Last night at 5, NPR announced that the unemployment rate rose from 8.22 to 8.25%. Note that this went out over the airwaves; their print site does not document this.
I have never heard of such a thing.
I am starting my 24th year as a professional macroeconomist. Before that I was tuned into macroeconomic issues for at least 10 years.
And not once, ever, have I heard a mainstream news organization carry the unemployment rate to the hundredths position. Never!
Of course, I have heard academic macroeconomists carry out the unemployment rate that far. We have the data, and running the calculation is easy. In fact, that’s the source of the number: Alan Krueger, the White House economist.

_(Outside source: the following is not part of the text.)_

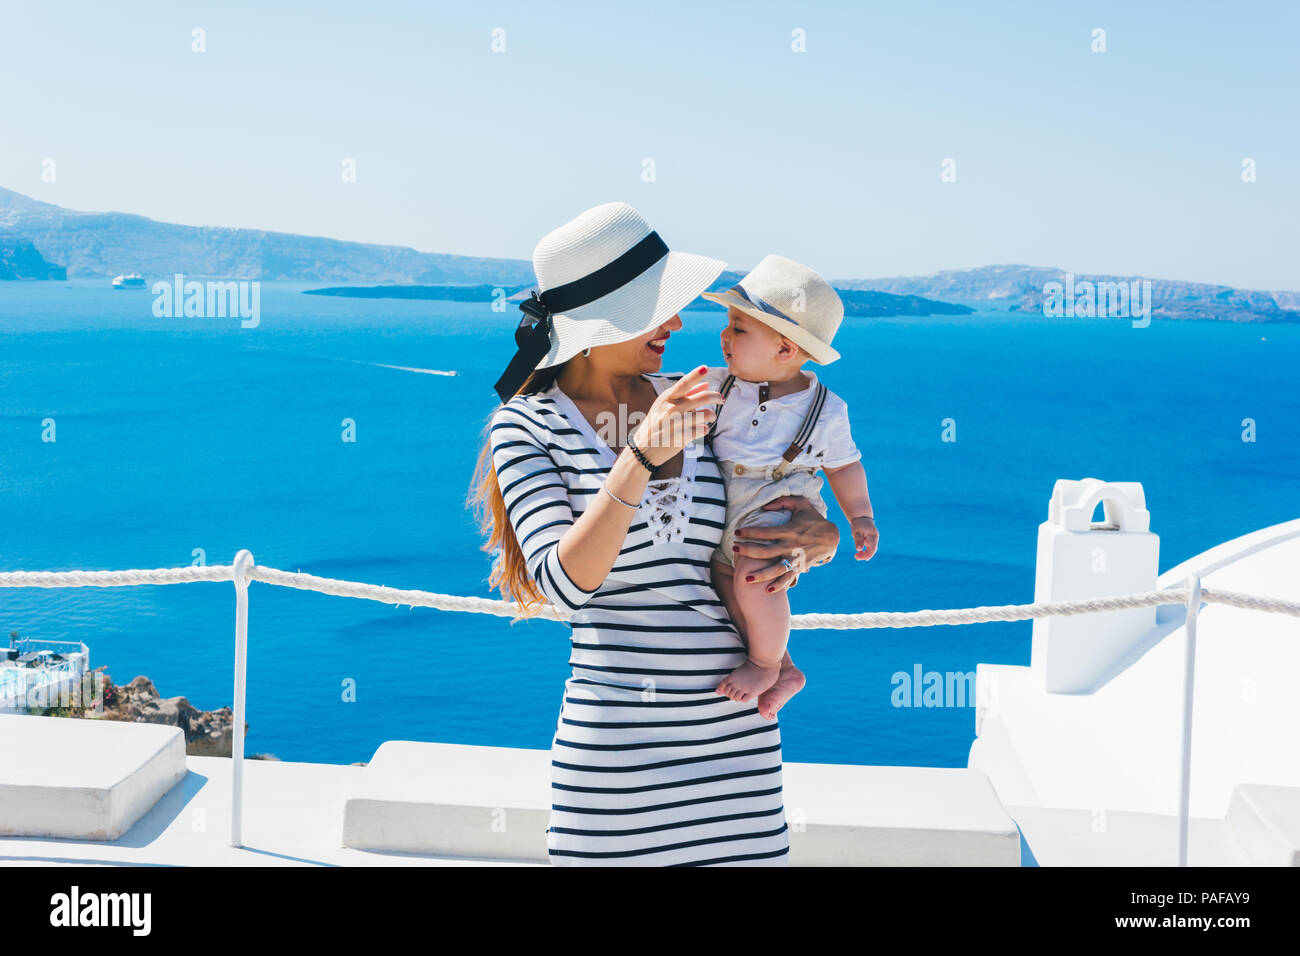 Mother and son enjoying a holiday in Santorini greece, Background the caldera and the famous Santorini volcano Stock Photo

But, does being able to do something mean that you should do it? Academics tend to know better than to make claims at this level of fineness.
So why now? My guess is because the “rounded” values would be 8.2% and 8.3%, which sounds like a much bigger change, and might decrease Obama’s reelection chances.
Even so, 8.2% and 8.3% are the official unemployment rates. Officially, this number is not carried to the hundredths.
To even get the number to the hundredths spot, you need to dig a bit, and get the actual number of unemployed, and the number in the labor force, and do the division yourself.
Of course, the BLS is not full of stupid Republicans. Instead, they don’t do this for a reason. After the seasonal adjustment process used before those numbers are released, the hundredth digit is not considered accurate enough to announce.
There’s a more practical reason as well. You and I can’t feel a 0.1% change, much less a 0.03% change. I’ve told macroeconomics students for a decade or two that our tolerance for what we can feel is about 0.5% up or down.
To me, as a pretty decent economist, that suggests that we shouldn’t even be worried about the change that did take place. But the Obama administration has to worry about it, because they don’t have any better news to crow about.